There's another way that Bob's wallet can apparently make his life easier while reducing his security. Remember that step 3 of the micropayment channel creation process requires an on-chain transaction. There's nothing about step 4 that inherently requires that transaction to confirm in the blockchain prior to adjusting the refund transaction. After all, until it's broadcast the refund transaction is a purely private contract between Coinbase and Bob.
If his client is being as safe as possible, it will wait to allow him to use the channel until the funding transaction has confirmed. However, this is another UX problem that Coinbase has a strong incentive to avoid. In order to be as convienient as possible, his LN client could allow him to start using the channel immediately. In fact, in keeping with user interface trends the app designer might decide to never show Bob the confirmation status of the funding transaction at all (it's a low-level detail he doesn't need to worry about).

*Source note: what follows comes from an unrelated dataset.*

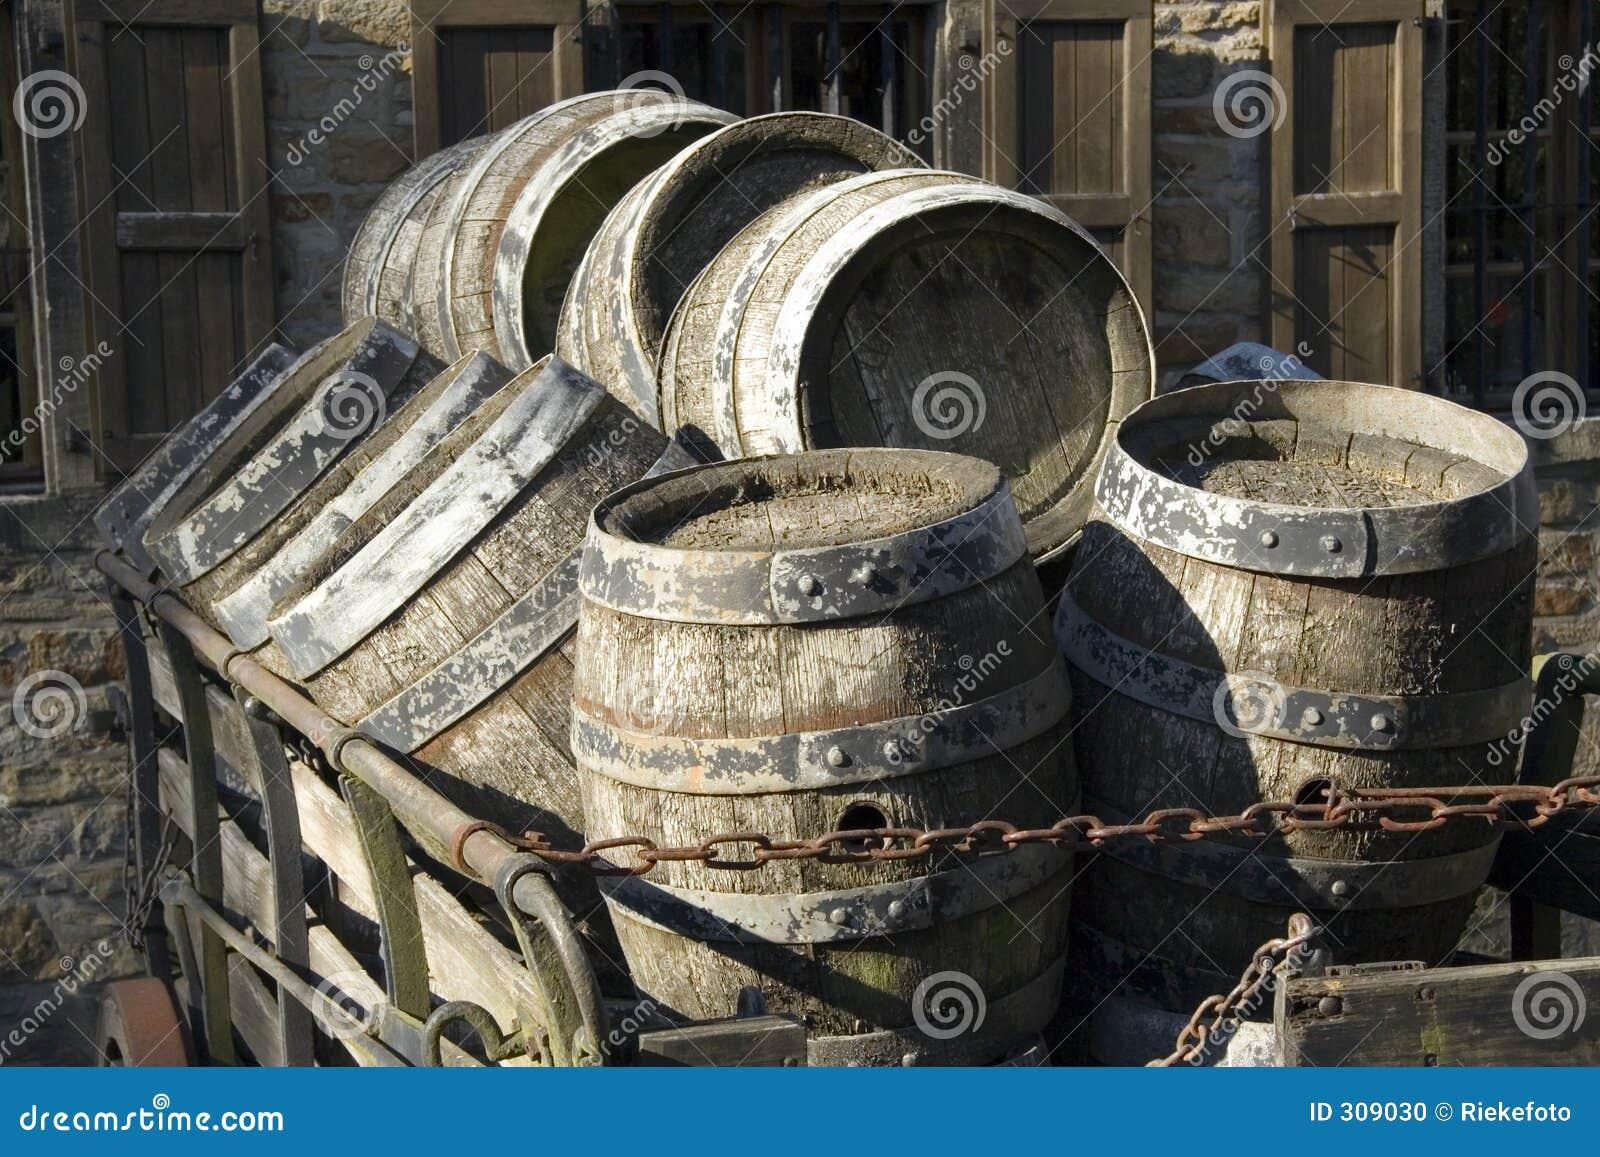 Barriles de cerveza antiguos

What if the funding transaction never confirms at all? How long could Bob's wallet work for him before he notices a problem?
The answer is - he'll never notice any problem whatsoever until he tries to close the channel.
What if channel closure is highly discouraged by high on-chain transaction fees, and eventually becomes so uncommon that LN apps actually drop that functionality entirely? Bob could use his LN client for the rest of his life blissfully unaware that he doesn't actually own any bitcoins at all.